The cloud is also changing how developers architect applications. For example, suppose I want to build a Java application with a mobile front end, use caching for performance and queuing services for integration, and include a standard SQL back end for persistence. Today, that is simply a collection of services available in Oracle Cloud for developers to use as needed. It is a next-generation paradigm for middleware on premises. With Oracle Cloud, developers can focus on building rather than deciding on platform infrastructure and trying to get it installed and set up.
Oracle Magazine: What Oracle Cloud services are available for developers?

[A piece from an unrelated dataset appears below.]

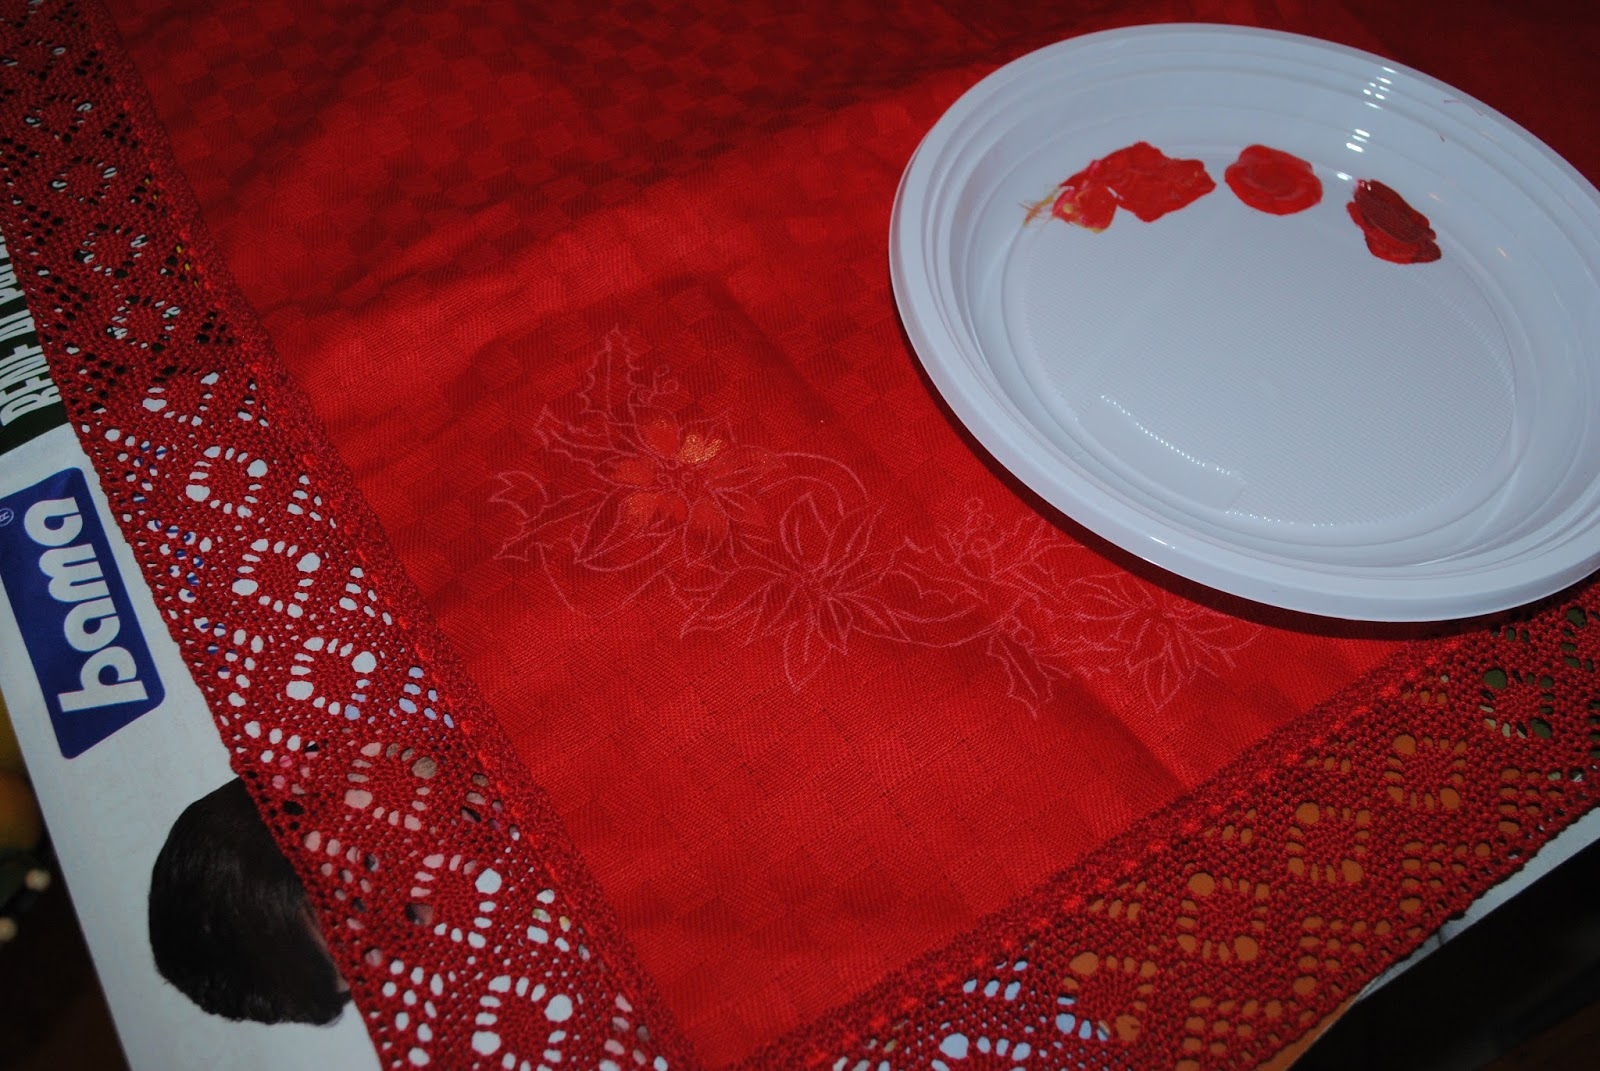 Tovaglia natalizia con stelle di natale: il colore sul rosso

Lehmann: Our Java-based cloud offerings start with Oracle Java Cloud Service, which enables developers to get a Java EE server provisioned in minutes. And that server is a user-defined cluster of Java infrastructure, with lifecycle management cloud tools that enable backups, recovery, patching, scale-in, and scale-out. The underlying infrastructure is Oracle WebLogic Server, our standards-based, market-leading application server. And you can plug directly into Oracle Database Cloud Service for persistence.
Oracle Developer Cloud Service, which works hand in hand with Oracle Java Cloud Service, provides a full development lifecycle platform. It includes a Git repository and a Hudson build system, for source code management and continuous integration. It’s integrated with standard development tools and it features collaboration tools for issue tracking and team management.

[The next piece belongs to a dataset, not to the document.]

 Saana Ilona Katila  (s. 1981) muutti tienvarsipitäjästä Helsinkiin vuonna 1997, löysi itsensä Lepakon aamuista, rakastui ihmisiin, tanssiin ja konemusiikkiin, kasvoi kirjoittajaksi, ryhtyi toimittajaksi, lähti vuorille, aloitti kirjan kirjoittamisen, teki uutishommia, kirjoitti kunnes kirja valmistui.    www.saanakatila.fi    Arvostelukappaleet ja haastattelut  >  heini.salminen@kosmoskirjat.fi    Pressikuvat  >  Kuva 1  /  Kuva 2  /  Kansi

We also complement Oracle Java Cloud Service with several core platform services.
First, Oracle Messaging Cloud enables you to build messaging applications based on JMS [Java Message Service] queues and topics in the cloud. It can be used in client applications through a REST API as well as a native Java API.

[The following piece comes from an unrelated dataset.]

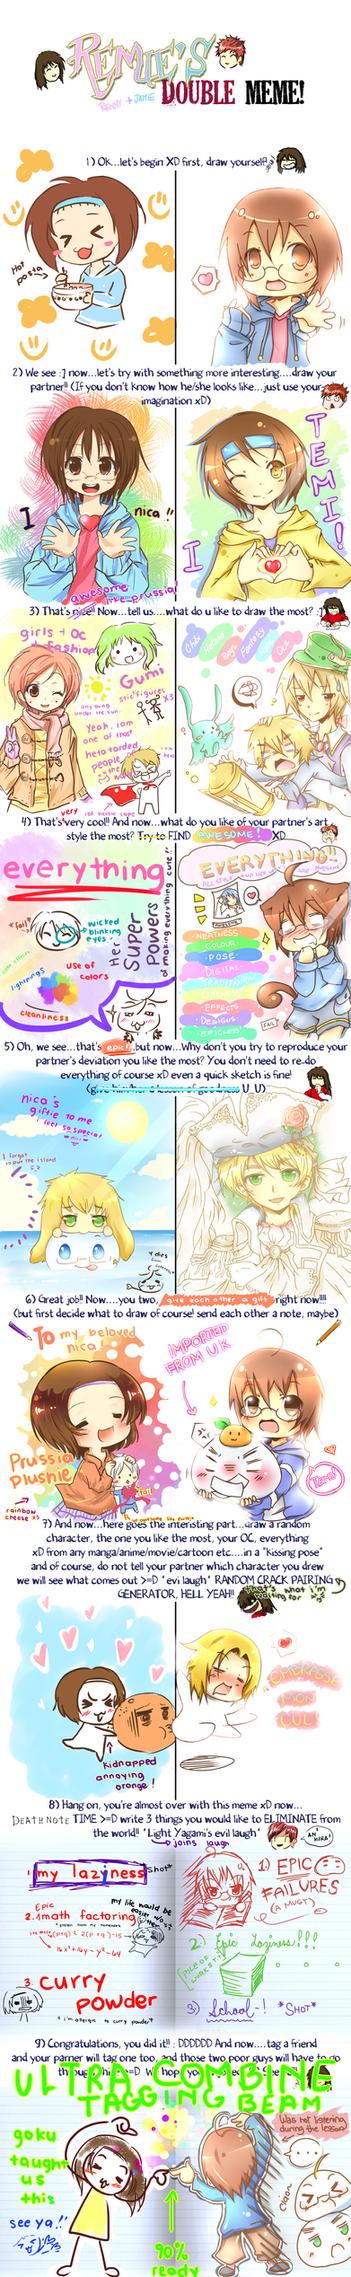 DOUBLENESSSS WITH NICA by temiji

Next, the Oracle Coherence caching capability caches objects in memory. This is a new extension of Oracle Java Cloud Service using a capability of Oracle WebLogic Server called Managed Coherence Servers and will be available in 2015.
In 2015, we’ll also have Oracle Java SE Cloud Service, which is the Java Virtual Machine [JVM] in the cloud, because many of our customers want to build standard JVM-based applications. They might be using a popular Java framework such as Spring on Java or they might even be using one of the popular emerging Java-based scripting languages, such as Play. Oracle Java SE Cloud Service, like Oracle Java Cloud Service, enables direct integration into the large Oracle Cloud ecosystem with Oracle Developer Cloud Service, Oracle Java Cloud Service, and Oracle Database Cloud Service.
Oracle Magazine: What’s your vision for cloud development?
Lehmann: It’s an exciting change how all these services can be so easily used together to build new types of applications that simply weren’t possible or were enormously complex in the past. When you start bringing in big data, social, and mobile services to the cloud as standard, first-class, easily accessible services, it gets even more interesting. Rather than building applications centered around one service, modern applications will be built on top of a collection of cloud services in standard architectural patterns. This new style of application development, of application architecture, is going to rapidly emerge as the individual services themselves mature.